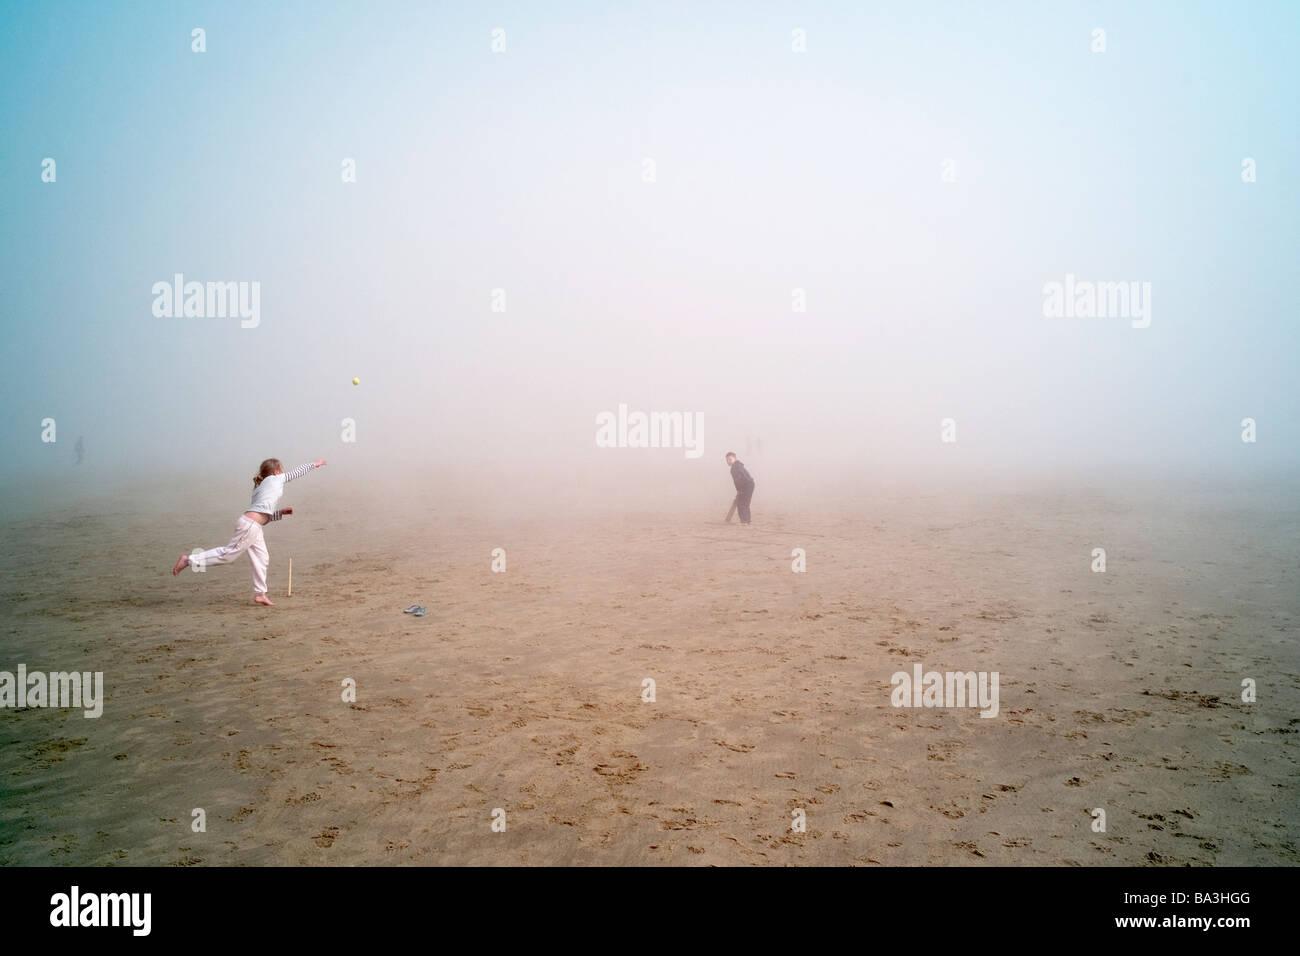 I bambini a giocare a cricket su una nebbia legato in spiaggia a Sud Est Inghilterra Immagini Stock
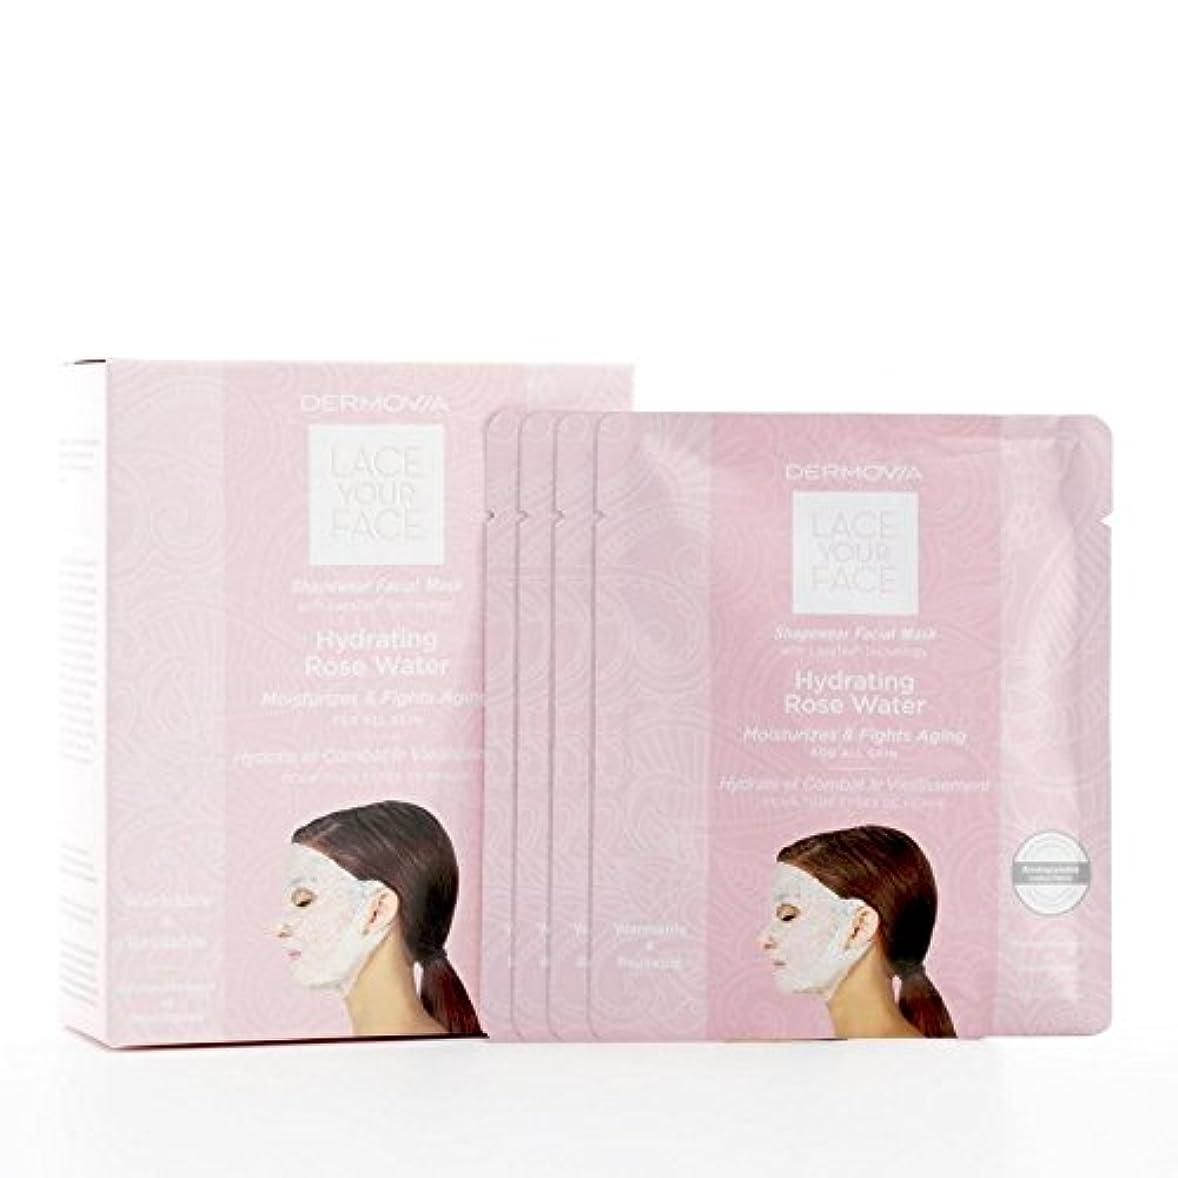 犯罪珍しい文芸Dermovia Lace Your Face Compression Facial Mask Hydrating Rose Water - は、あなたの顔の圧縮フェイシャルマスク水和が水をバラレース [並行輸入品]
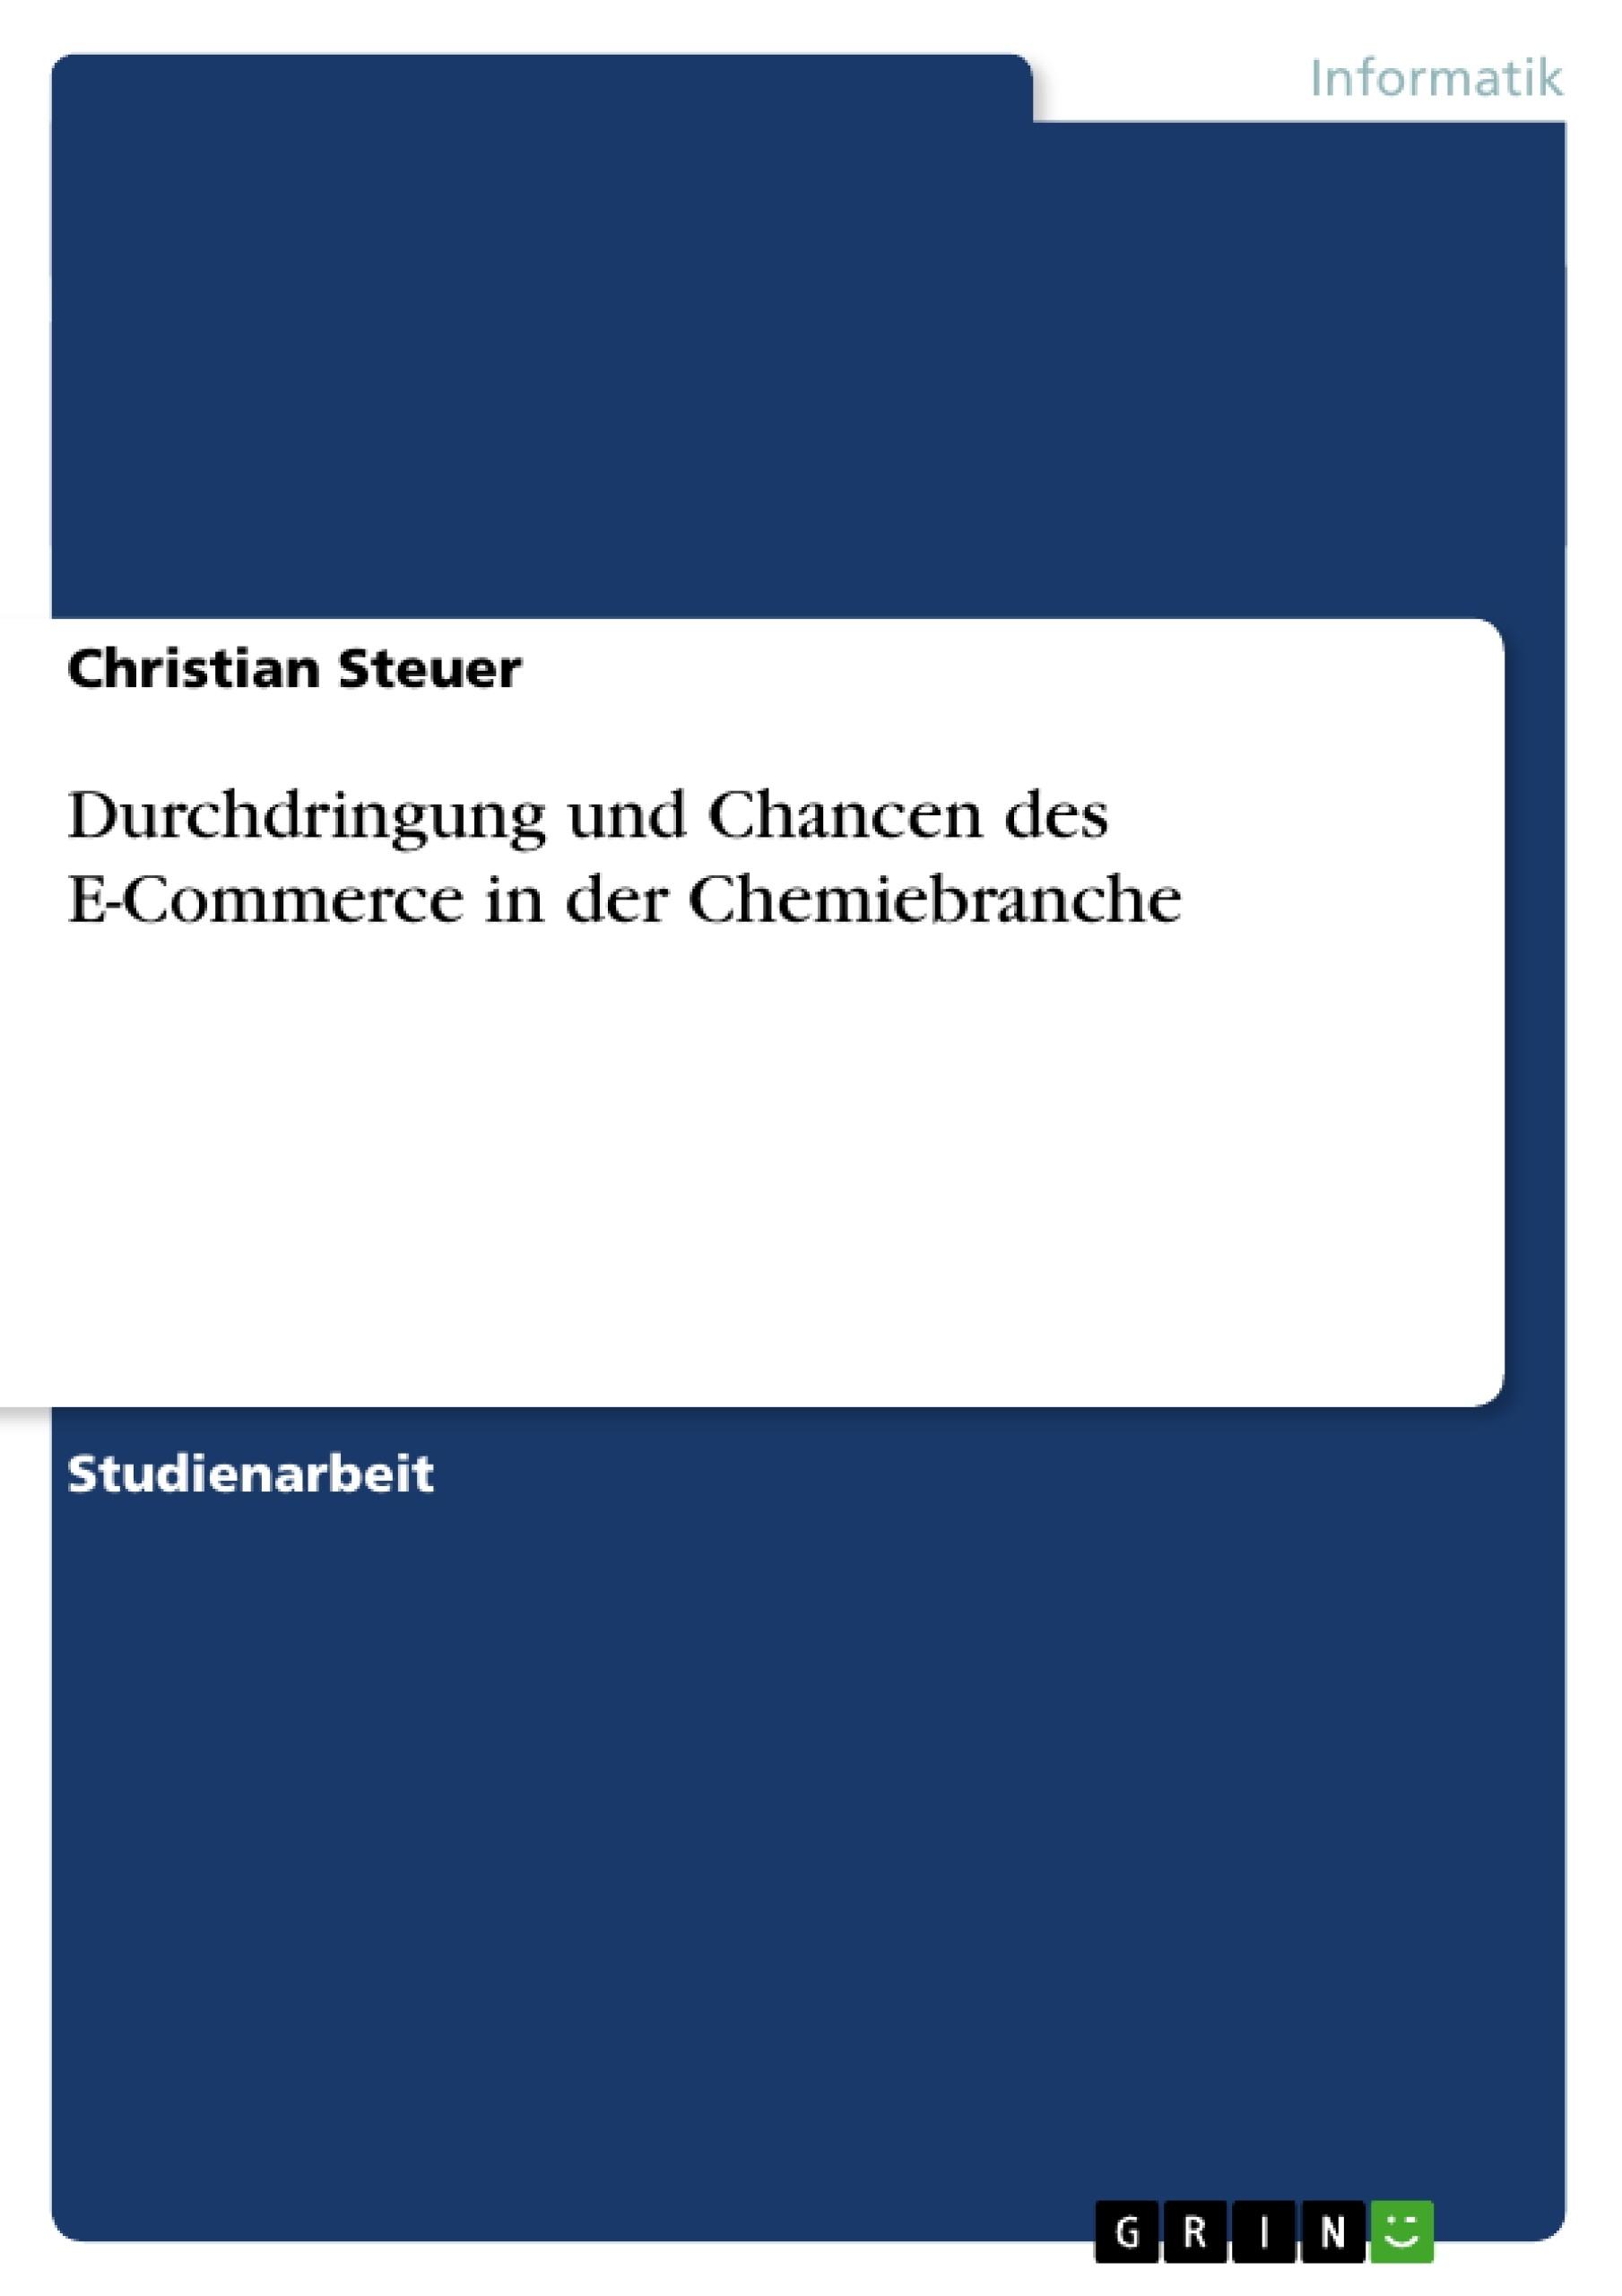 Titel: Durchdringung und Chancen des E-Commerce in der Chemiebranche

━━━━━━━━━━

TASK DETAILS – Drop the images and return the data verbatim.

EXERCISE RESULT –
 I bambini a giocare a cricket su una nebbia legato in spiaggia a Sud Est Inghilterra Immagini Stock
 犯罪珍しい文芸Dermovia Lace Your Face Compression Facial Mask Hydrating Rose Water - は、あなたの顔の圧縮フェイシャルマスク水和が水をバラレース [並行輸入品]
 Titel: Durchdringung und Chancen des E-Commerce in der Chemiebranche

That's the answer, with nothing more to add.